The Parkrun world record has been broken by Northern Irish teenager Nick Griggs, who knocked a second off the previous best time in Belfast.
Griggs, from Newmills in Tyrone, clocked 13 minutes and 44 seconds at the Victoria Park edition of the weekly 5km event, bettering the 13:45 clocked by Olympian Andrew Butchart – who represented Team GB at Rio 2016 and Tokyo 2020 – in Edinburgh in June 2023.
The Belfast venue was also the place where the best women’s Parkrun time of 15:13 was set by Ciara Mageean last December.

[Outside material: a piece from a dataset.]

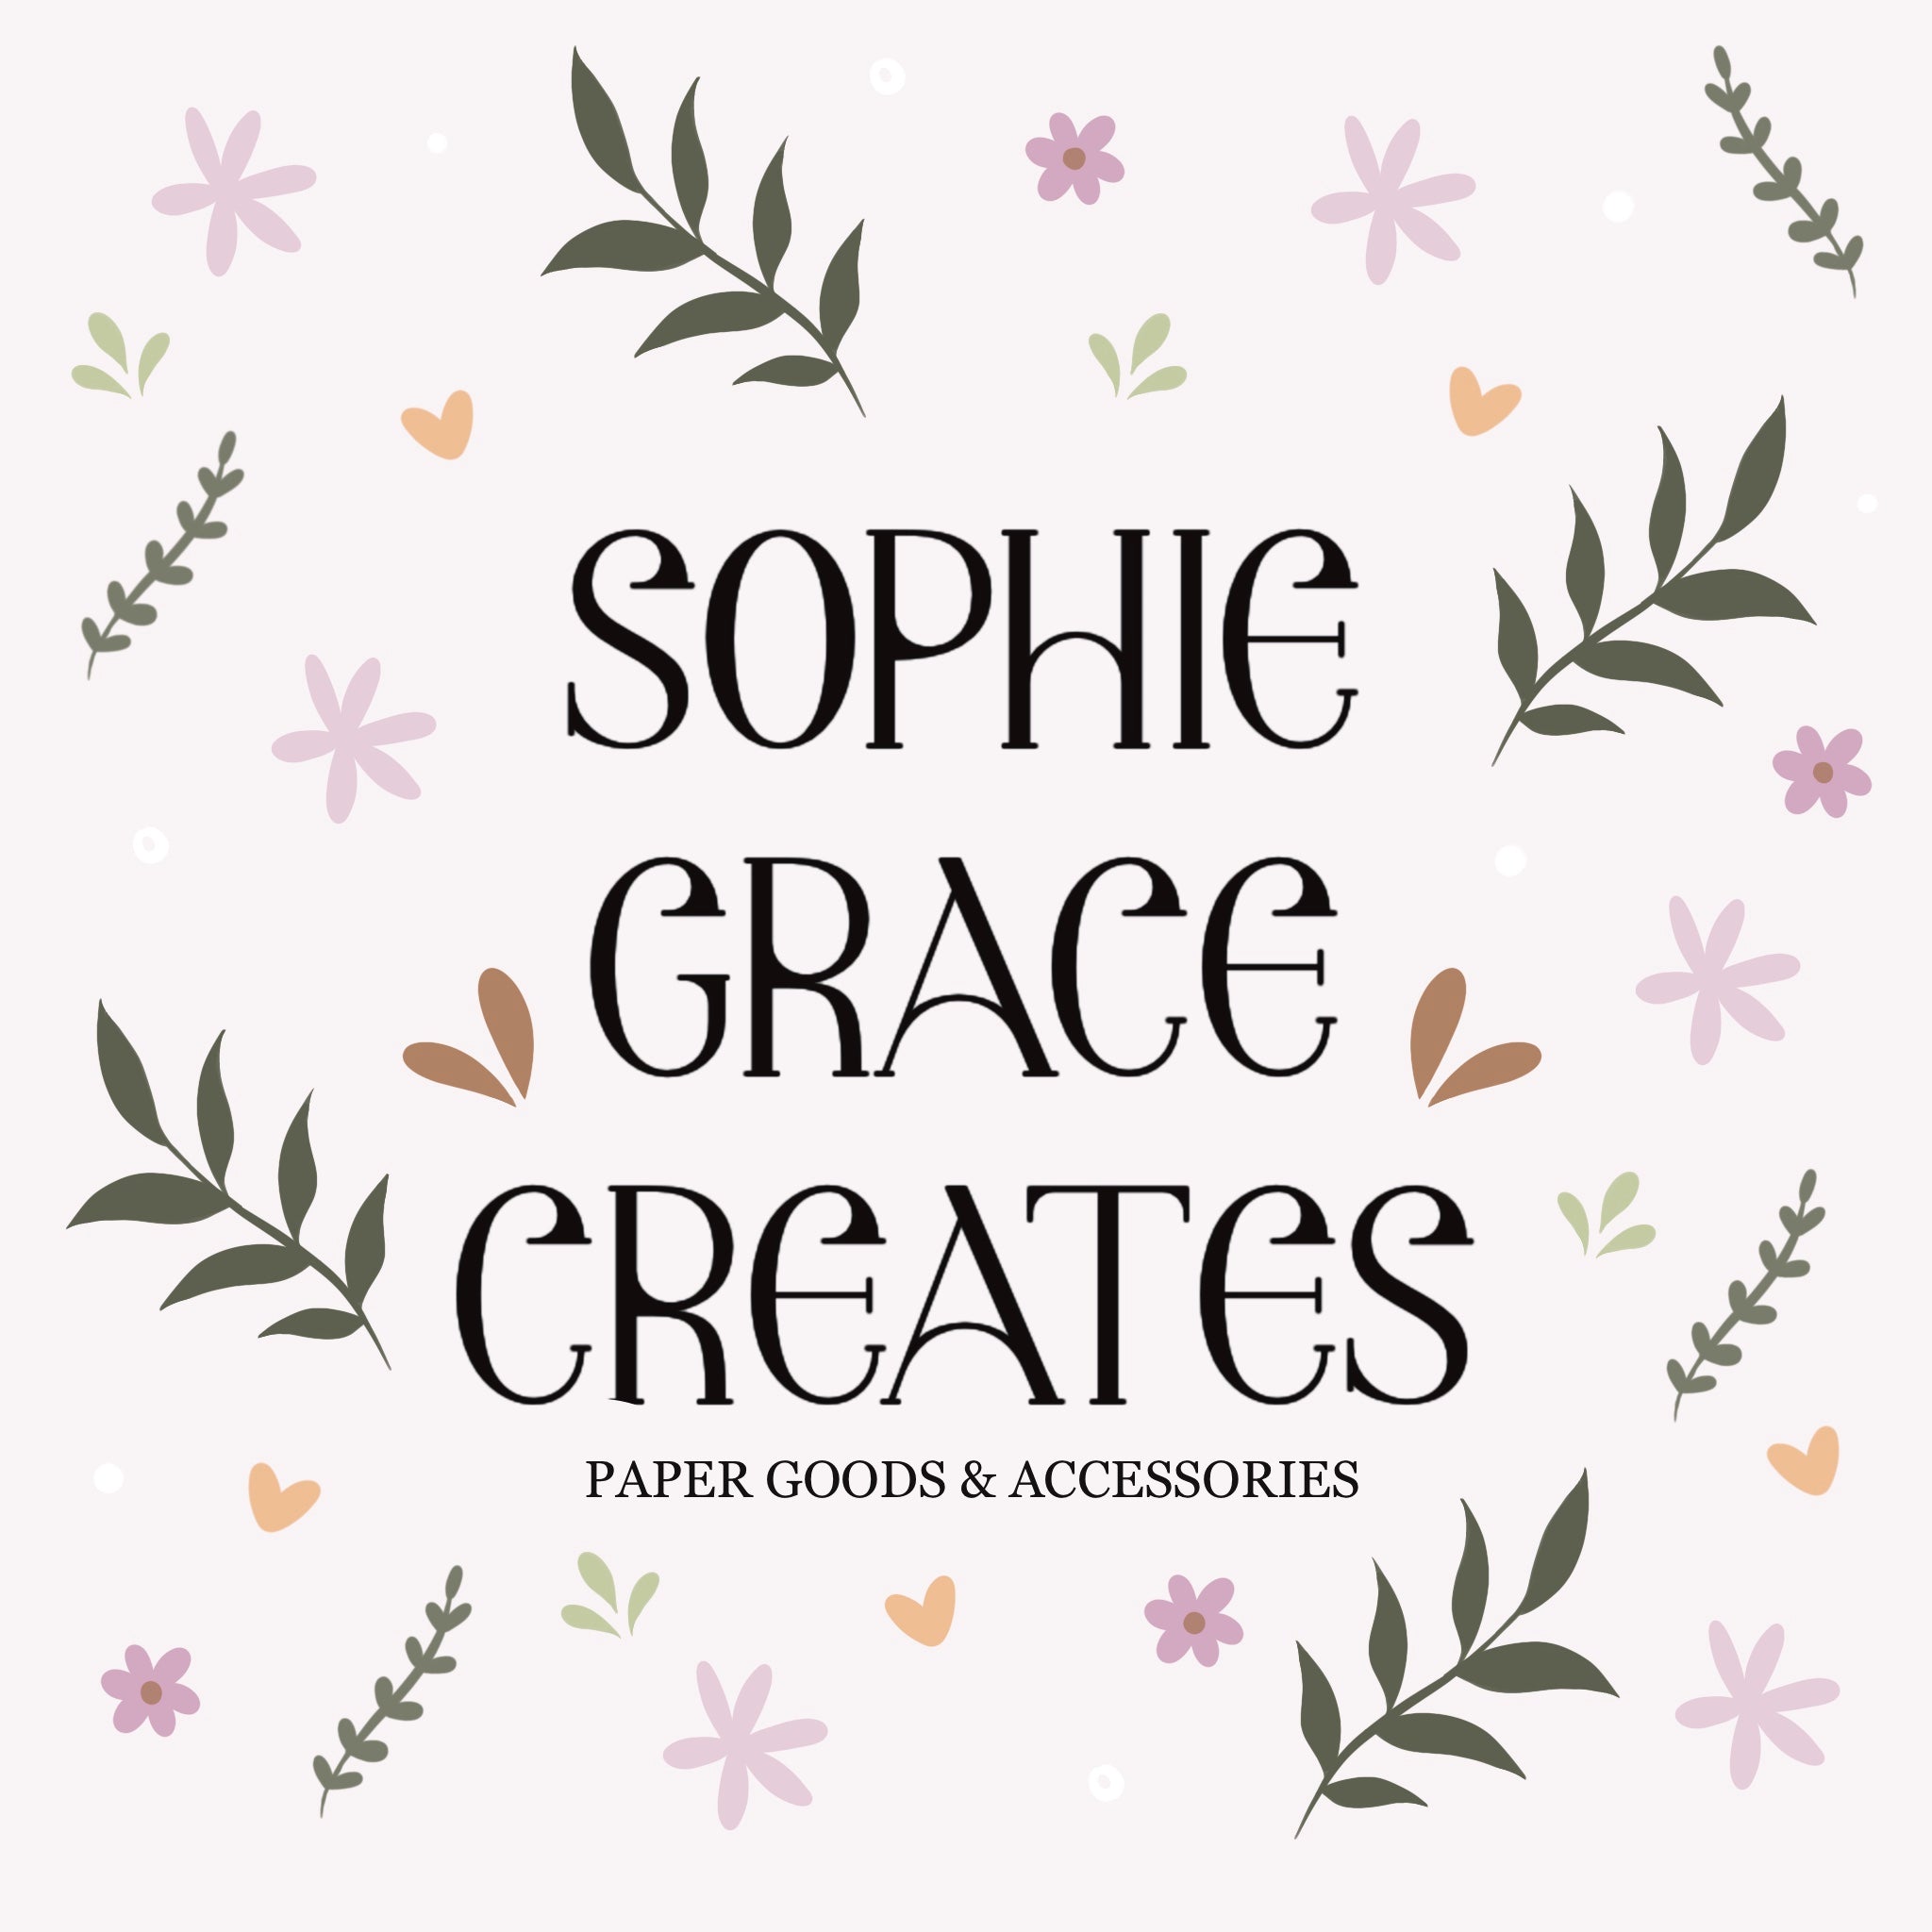 Sophie Grace Creates E-Gift Card

The 19-year-old Griggs has been making waves in the world of athletics, winning the European Under-20 3,000m title as a 16-year-old in 2021 and, after further European medals at age group level, qualifying for the senior European Championships in Rome earlier this year.
He narrowly missed out on selection for the Paris 2024 Olympics for Team Ireland, as Andrew Coscoran, Luke McCann and Cathal Doyle pipped him to the available 1500m places.
And Griggs admitted he was shocked to set the fastest Parkrun time in history, having not even set out to do so.
“I wasn’t going into it trying to break the record,” Griggs said on BBC Radio Ulster. “Before the race, I knew I was in good shape and knew I should be within a chance of breaking the record. It was a bit of a sprint finish to get it but it was a good feeling.
“I don’t think anyone really knew until we finished. I looked at my watch and saw I had taken a second off the world record. It was pretty shocking. I wasn’t really thinking about it, to be honest. We all realised after and there was a bit of a buzz around it.”
Since missing out on Olympic selection, Griggs has produced personal bests over 1500m, 3,000m and 5,000m.
He clocked 3:35.04 over 1500m at the British Milers Club meeting in Tooting a few days before the start of the Olympics, a Northern Irish record 3,000m time of 7:36.59 at the London Diamond League meeting in July and another Northern Irish record of 13:13.07 over 5,000m at the Morton Games
Parkrun technically does not classify times as world records, with the organisation describing its events as a “run and not a race”.